**Records to process:**
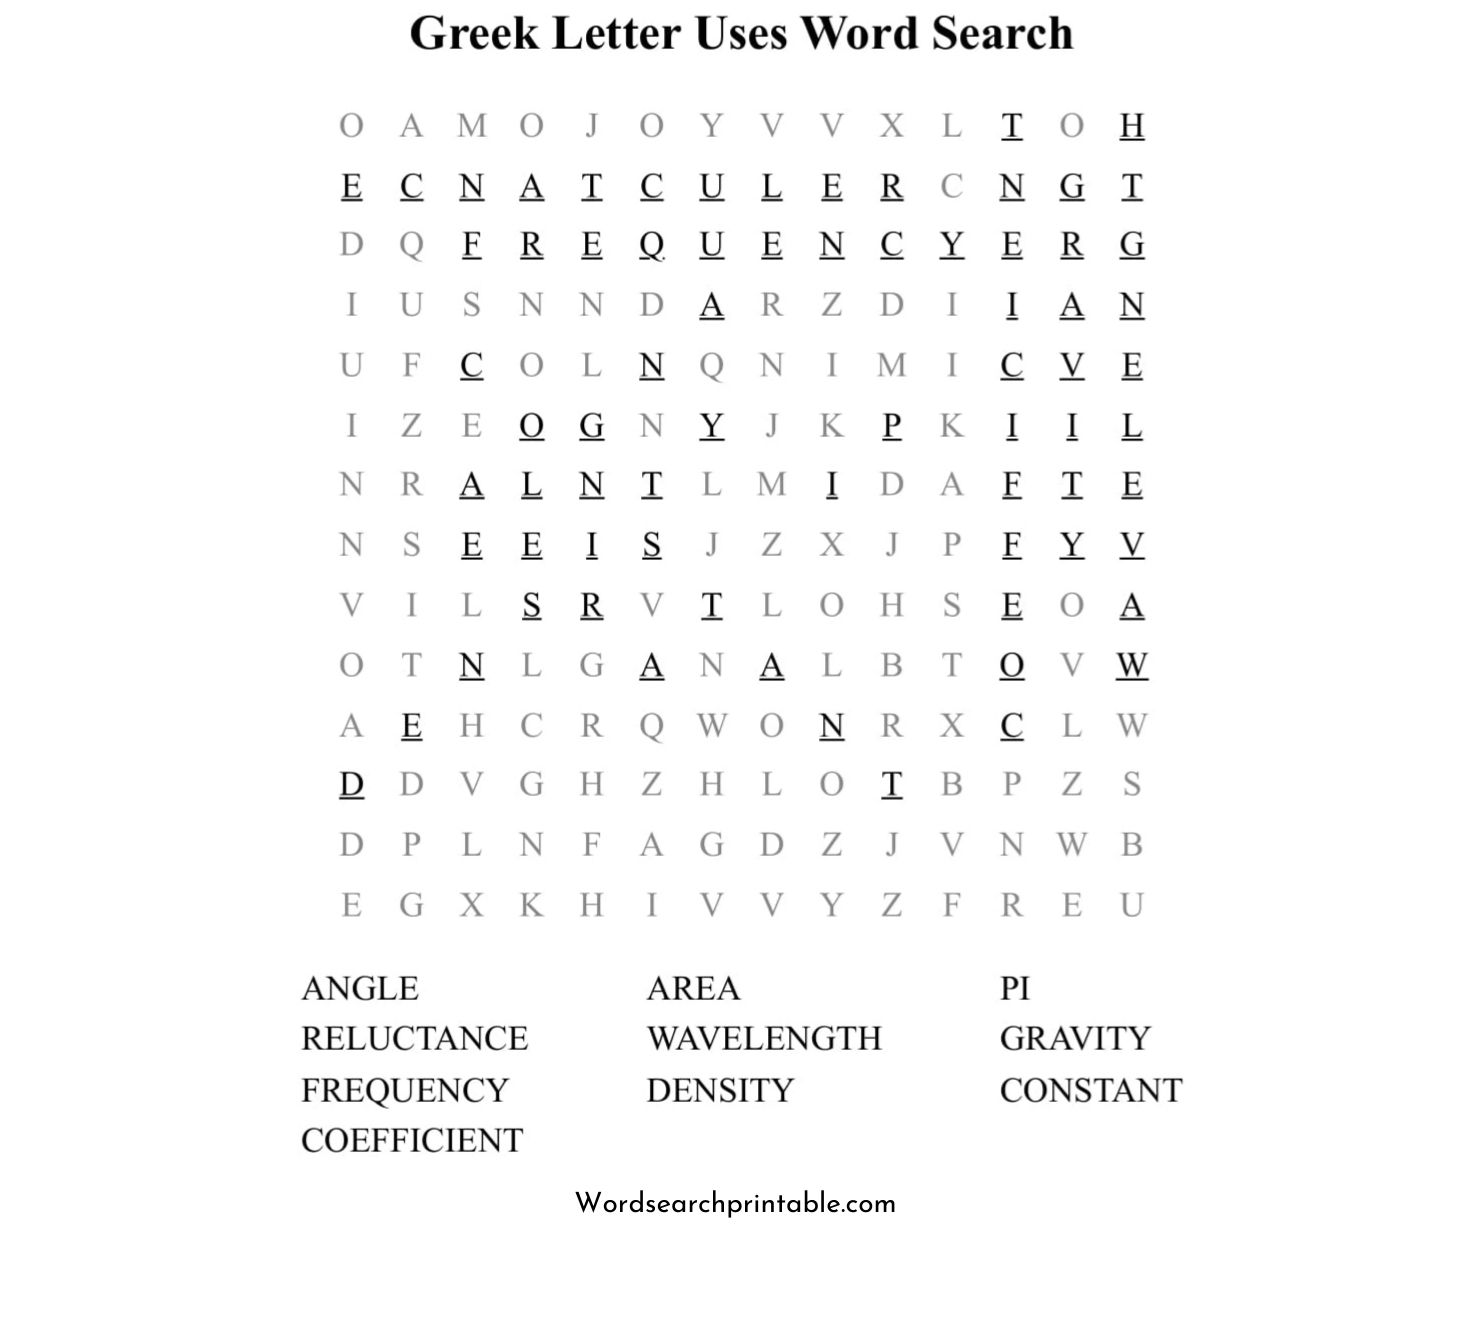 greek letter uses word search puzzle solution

...

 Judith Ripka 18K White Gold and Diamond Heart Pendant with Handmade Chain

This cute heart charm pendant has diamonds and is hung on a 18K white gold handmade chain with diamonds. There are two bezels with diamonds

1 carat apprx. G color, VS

**Work to complete:** List every line above containing the word "with".

**Response to this task:**
 Judith Ripka 18K White Gold and Diamond Heart Pendant with Handmade Chain
This cute heart charm pendant has diamonds and is hung on a 18K white gold handmade chain with diamonds. There are two bezels with diamonds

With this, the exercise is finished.